Inspired by the house’s original design, the Kings have implemented 1920s-appropriate lighting, paint, doors, antique furniture and a few especially personal touches including three stained glass windows.  

For one of the windows, the pair traveled to Independence, Missouri. King said they would not have traveled so far if the design did not fit so perfectly. The intricate, colorful fragments come together to form a nine-petal mackintosh rose, reflecting the cottage’s logo.  

The other two stained glass pieces come from two churches, one where her parents married and one where her grandparents married.   

Though the Kings have poured countless hours into renovations, they have kept original arched door frames, oak floors and built-in oak cabinetry. 

“I have such a love for antiques and history,” King said. “Most of the pieces I have collected throughout the years, and I feel excited to be able to showcase them.” 

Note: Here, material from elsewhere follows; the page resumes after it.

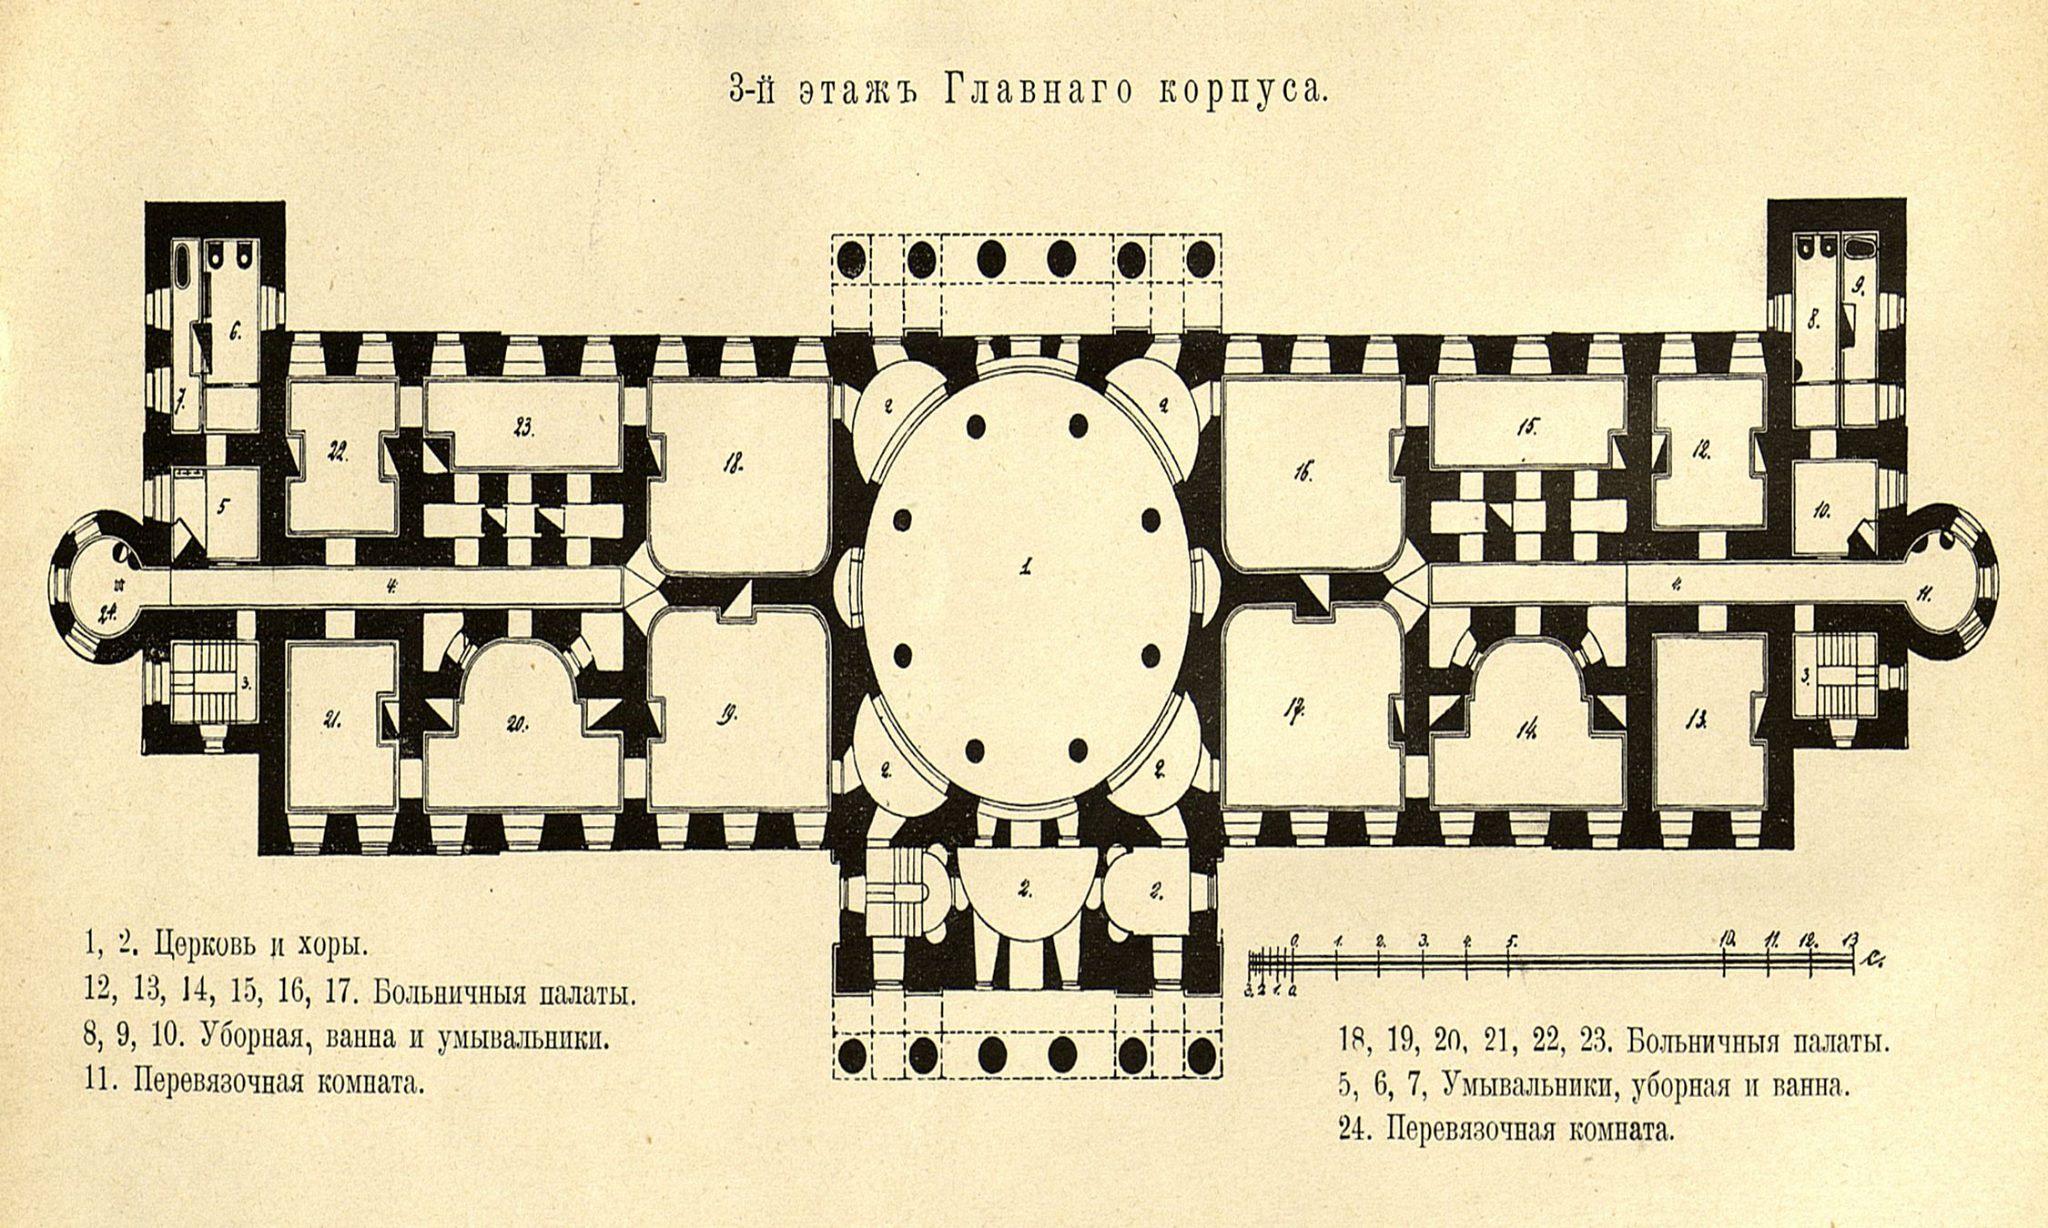 24. 3 этаж Главного Больничного корпуса

The Rose Cottage will also host Chamber Coffee on Feb. 24 at 10:00 a.m. King said she feels excited to operate alongside other Wayne businesses. With a great place to stay, people will come back to the area, putting their money into restaurants and stores downtown, King said.  

“We feel incredibly thrilled to be a part of the chamber and a segment of the Wayne community,” King said. “I hope everyone has the chance to stop by and see our business, which will hopefully welcome others to Wayne as we have been welcomed back.”